La regola vorrebbe che mentre si vota gli opinionisti facciano silenzio. Mica vero, però, perché ieri, per esempio, i giornali erano pieni di commenti e inviti a votare da una parte o dall’altra. Noi cercheremo di rispettarla la regola, riservandoci di dire la nostra a risultati usciti dalle urne. Proveremo invece a fare qualche considerazione molto liberale sul dopo voto.
Una cosa a noi appare certa: chiunque vinca, l’Italia entrerà in un capitolo nuovo della sua storia. Non sarà un’altra Italia, come retoricamente dice qualcuno, ma sicuramente ognuno di noi, che stia a destra o a sinistra, avvertirà fortemente l’impegno, quasi l’obbligo, di cominciare a pensare in maniera diversa dal passato. Il problema dei problemi è di costruire il futuro del Paese, quello che riguarda i nostri figli, perché tutto sommato un passato non proprio da buttar via per la nostra generazione c’è stato.
È un compito immane, per il quale non basterà certo una legislatura. Si tratta di staccare definitivamente il Paese dal passato, bello o brutto che sia stato, di portarlo nella modernità. Non sarà facile, naturalmente, perché vi si opporranno odi, rancori, pregiudizi, che vengono dalla nostra storia recente ma anche dall’antica Italia delle fazioni, quelle che spesso hanno oscurato le nostre coscienze e sono da sempre, da secoli, la nostra dannazione.
Giustino Fortunato, il grande meridionalista, in un suo discorso alla Camera nel 1896 disse: «L’Italia è tuttora un Paese in cui due civiltà continuano a coesistere in un sol corpo di nazione». Sta proprio qui la causa di tanti nostri ritardi. Nei secoli dal dodicesimo al sedicesimo fummo straordinariamente in anticipo su tutti gli altri Paesi europei: nella penisola si creò una grande civiltà urbana, dalla quale fiorirono attività economiche, finanziarie, manifatturiere, commerciali, che diedero vita tra l’altro ad una ricca e potente attività nel campo delle comunicazioni marittime. Fummo titolari di un primato economico e politico-sociale, oltre che culturale, come non esisteva nel resto del continente. Perdemmo quel primato perché non fummo capaci di far nascere una struttura statuale nazionale, quella che invece si costituì in altri Paesi europei, che infatti poi divennero protagonisti assoluti della storia moderna. Il divario portò all’interruzione di quel modello di sviluppo che nei «secoli d’oro», come Montanelli li definisce, produsse il periodo più splendido del secondo millennio.
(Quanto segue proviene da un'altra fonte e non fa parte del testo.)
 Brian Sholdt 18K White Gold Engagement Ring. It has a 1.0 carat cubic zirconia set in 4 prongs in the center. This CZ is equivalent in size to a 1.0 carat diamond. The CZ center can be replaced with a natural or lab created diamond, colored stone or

La storia, insomma, dovrebbe insegnarci qualcosa. Abbiamo avuto una campagna elettorale quasi da guerra civile. Francesco Alberoni, in una bellissima nota nella sua rubrica «Luci e ombre» su Panorama fa risalire questa «guerra civile» all’inizio degli anni Novanta, quando accanimenti politici e giudiziari hanno procurato la distruzione di una intera classe dirigente e la scomparsa di partiti storici. Ne è venuta la cosiddetta Seconda Repubblica, che in realtà è stata una transizione politica fatta di tensioni, divisioni, rovinose spaccature, una «guerra civile», appunto che ha disastrato anche le istituzioni.
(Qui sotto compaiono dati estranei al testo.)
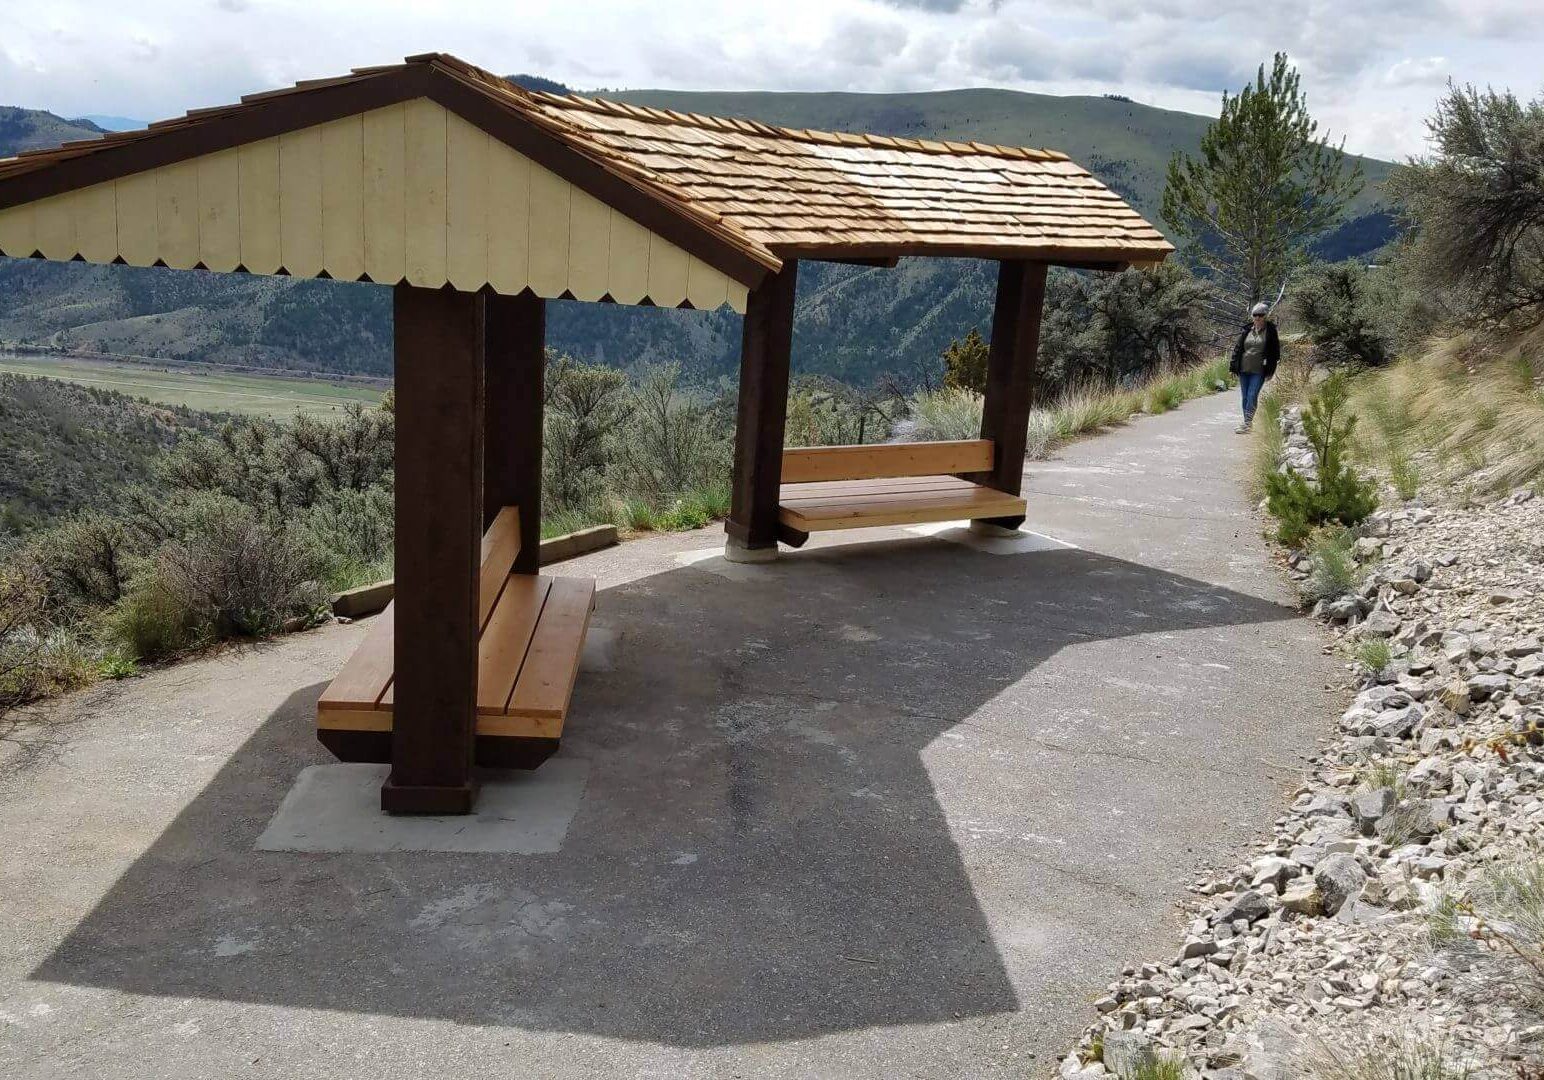 Shelter at Lewis and Clark Caverns State Park

Ora non si tratta di costruire una Terza Repubblica, come si ipotizza da alcuni, ma ritrovare, questo sì, i valori di una «res publica» senza colori di parte, che appartenga a tutti. In democrazia non esiste l’unanimità, lo sappiamo, ma il problema è di far sì che emerga una sensibilità generale per le esigenze della comunità, che è mancata in questi ultimi anni. Se non temessimo di cadere nella retorica, potremmo dire che l’Italia ha bisogno di un nuovo Risorgimento, culturale e morale soprattutto. Solo così può venire una politica moderna e civile, di cui l’opinione pubblica avverte fortemente l’urgenza.
Ripetiamolo: una fase politica è finita con queste elezioni.

Chiunque vinca, gli tocca il compito storico di attuare cambiamenti profondi che facciano diventare preistoria il passato. Si tratta di interpretare il desiderio di rinnovamento che nella base popolare c’è sia a destra che a sinistra, soprattutto nel mondo giovanile. Se non ne saremo capaci, allora sì davvero verrà il declino.